Although I had intense feelings about them all, I think there was really only one character I truly felt an immense dislike towards, and I am willing to bet not many readers will think the same on this as me: The person I had a distinct distaste towards was Mia. Her ungrateful, fanciful and irresponsible attitude bothered me, but it was mostly her hypocrisy that made my skin crawl.
First of all, I genuinely believe Mia was a bad mother. I don’t care how she tried to justify it, whether it was due to her “artistic spirit” or her young age, but she never ever did what was best for her daughter in those early years. She never chose to take care of her daughter properly, and instead continued to choose to live the life of a starving artist, as if she didn’t have a whole child depending on her! She dragged that child from place to place, never staying somewhere for more than a few months, never letting her daughter set up roots anywhere, forcing her to be forever lonely and homeless.
And really, this would be enough reason for me to dislike Mia, but it was her superior attitude, despite her own many flaws, that distinctly bothered me. She acted like she was a great mother, a great person, this pinnacle of wisdom and goodness, when she was anything but. She was aimless, she was irresponsible, she was selfish, but, like I said earlier, she was also insanely hypocritical. She had a very strong opinion on the adoption case of the McCulloughs (her own actions even being the sole cause for why Linda and Mark now had to fight to keep their adopted child), and she argued this by saying that a child should be raised by her “real” mother and that the “real” mother deserved to raise her child, but she never, not even once, mentioned (to herself or anyone else) the very real fact that she stole her own child away from her father. Did she simply think this sentiment does not apply to fathers? Is she truly that unfair and cruel? Because it’s important to note that her daughter’s father desperately wanted to raise this child, but Mia just took her from him; she stole his child. And she never thought she did a single thing wrong. The hypocrisy! It baffled me.
And yet here was Mia, causing poor Linda such trauma, as if she hadn’t been through enough, as if Mia were any kind of example of how to mother. Dragging her fatherless child from place to place, scraping by on menial jobs, justifying it by insisting to herself — by insisting to everyone — she was making Art. Probing other people’s business with her grimy hands. Stirring up trouble. Heedlessly throwing sparks. Mrs. Richardson seethed, and deep inside her, the hot speck of fury that had been carefully banked within her burst into flame. Mia did whatever she wanted, Mrs. Richardson thought, and what would result? Heartbreak for her oldest friend. Chaos for everyone. You can’t just do what you want, she thought. Why should Mia get to, when no one else did?
Of course, I also had very strong opinions on all of the other characters and plot points; some positive, some not, and some… unsure, but I won’t bore anyone with going into details about all that.
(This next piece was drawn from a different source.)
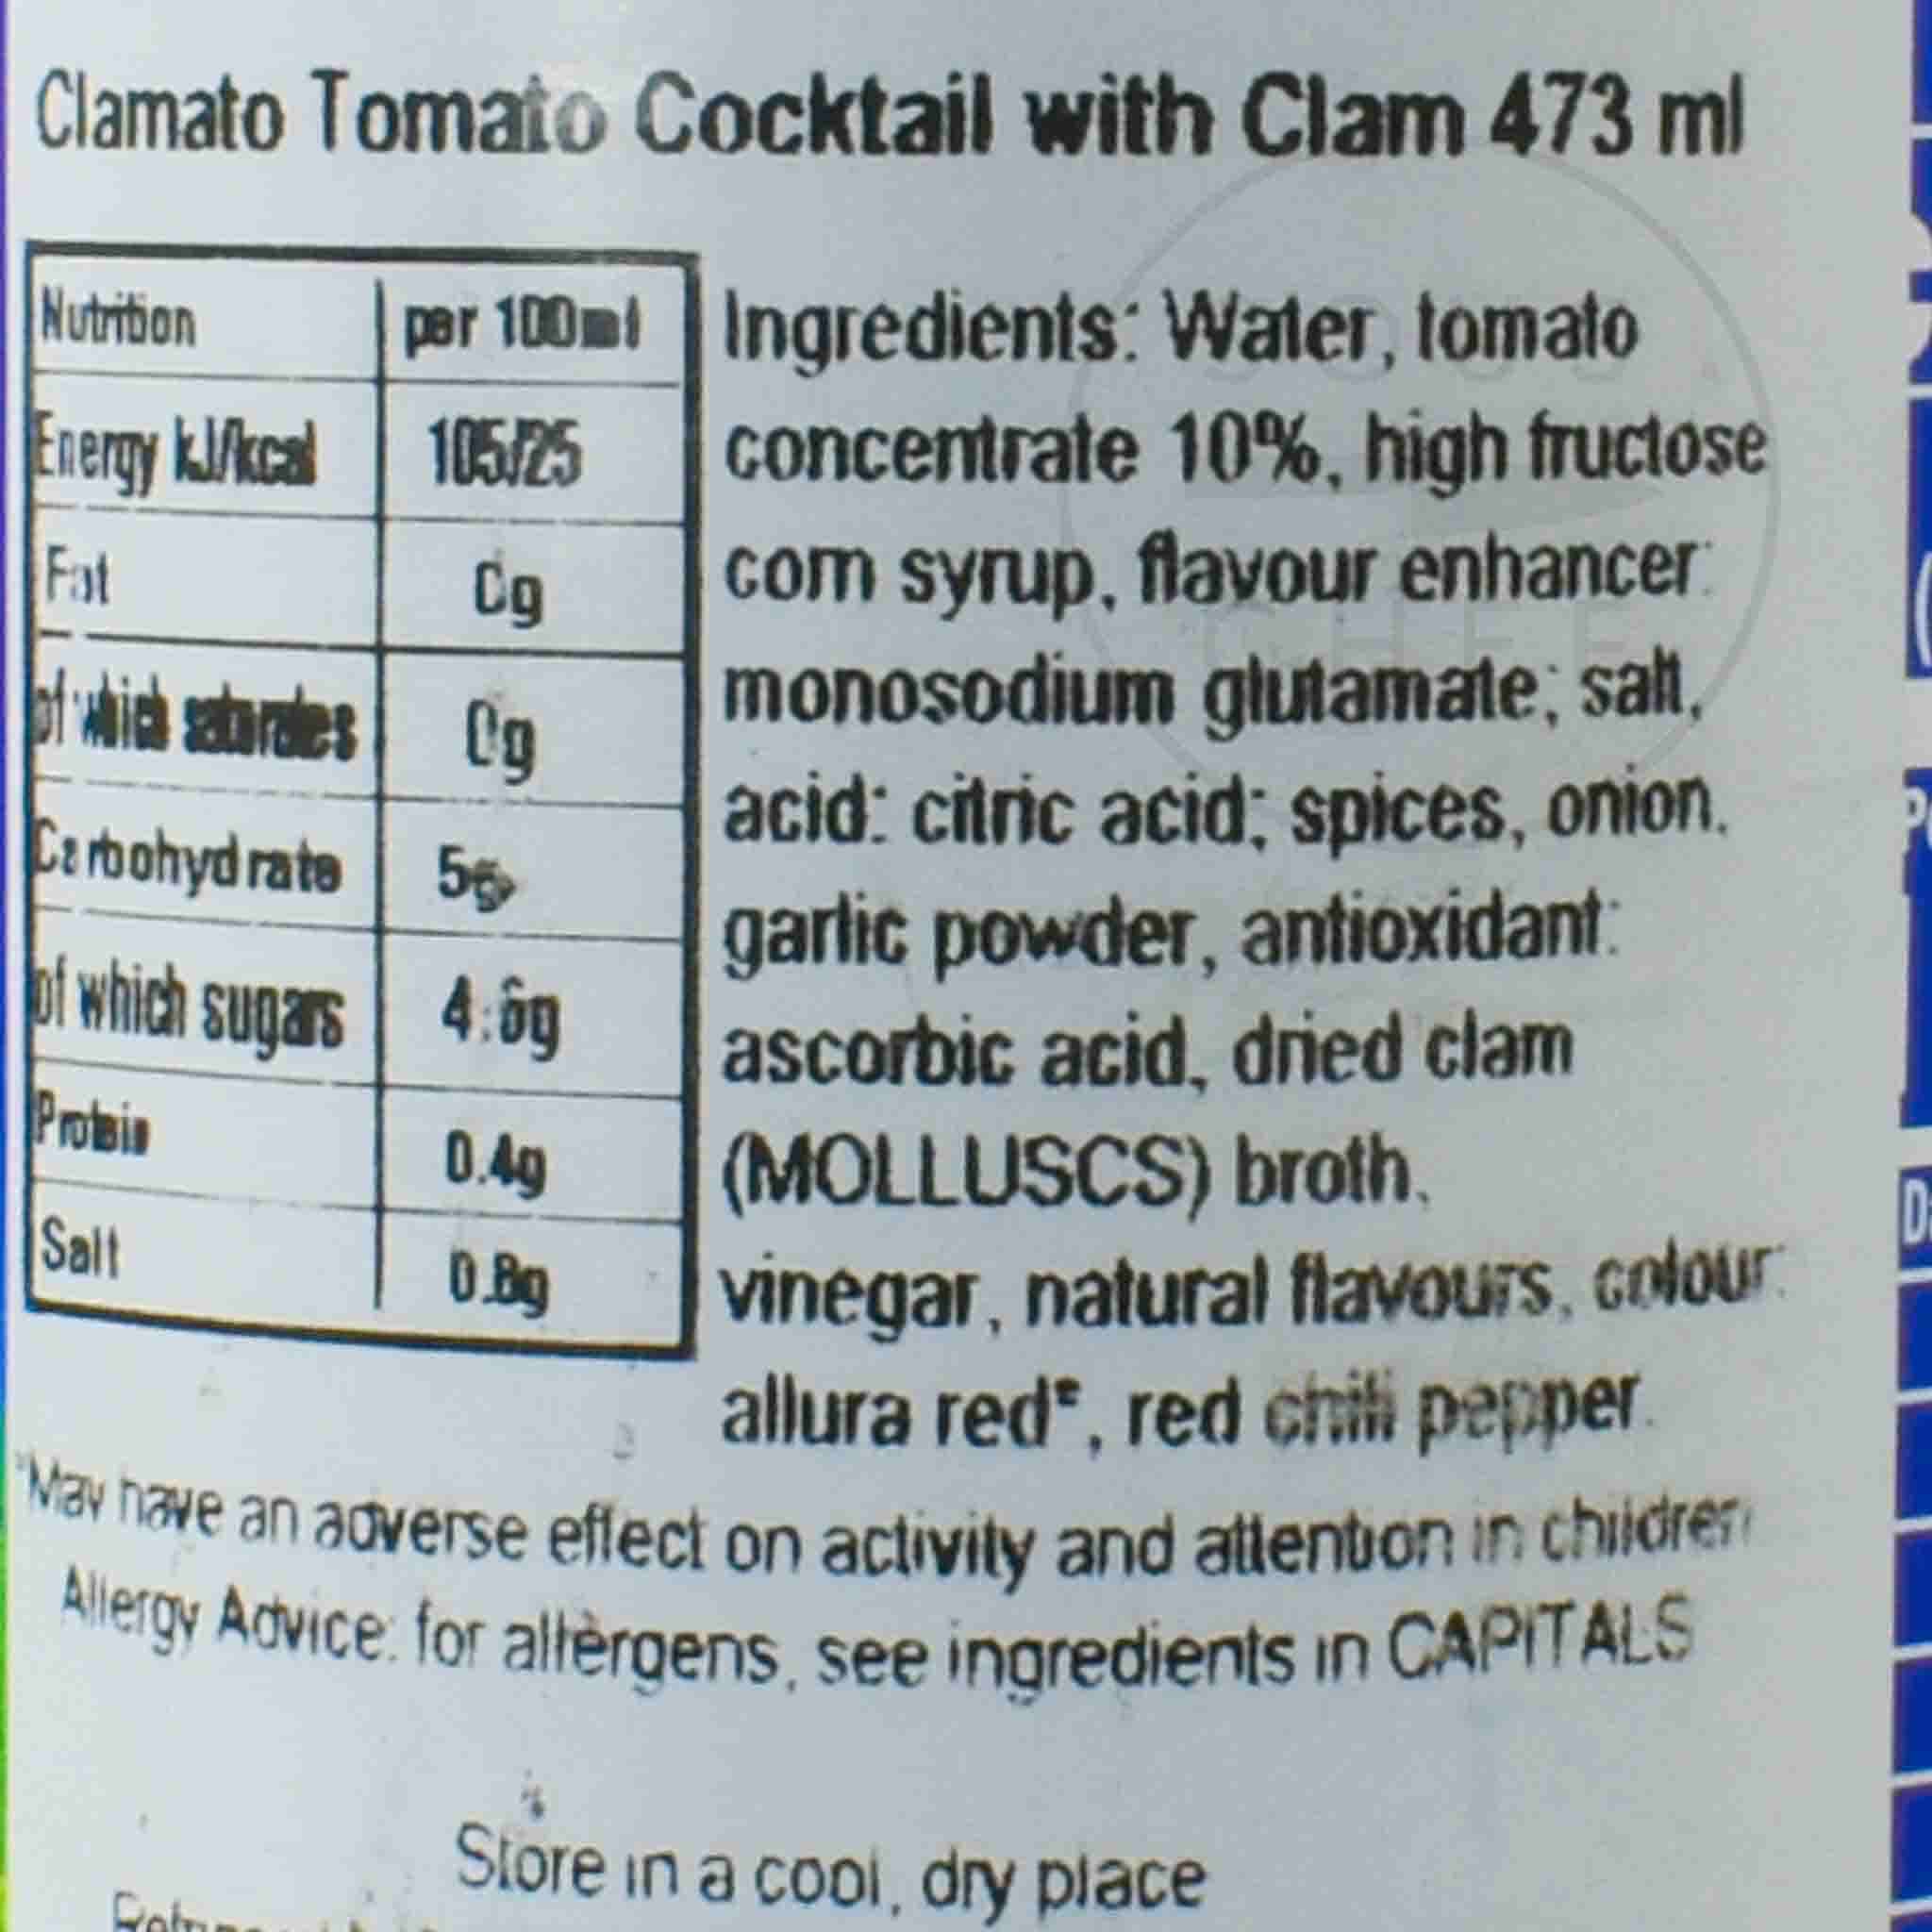 Clamato Tomato Cocktail Glass Bottle

It doesn’t really matter what my own specific opinions were anyway, the only thing that really matters is that this is the type of book that invokes those strong emotions about its characters and its plots. I felt everything while reading this: indignation, sympathy, suspense, anxiousness, endearment, unsurety, pity, all of it… And isn’t that the best kind of book? A book that makes you feel intensely and makes you form strong opinions about its content? For me it is. And that’s why I loved this!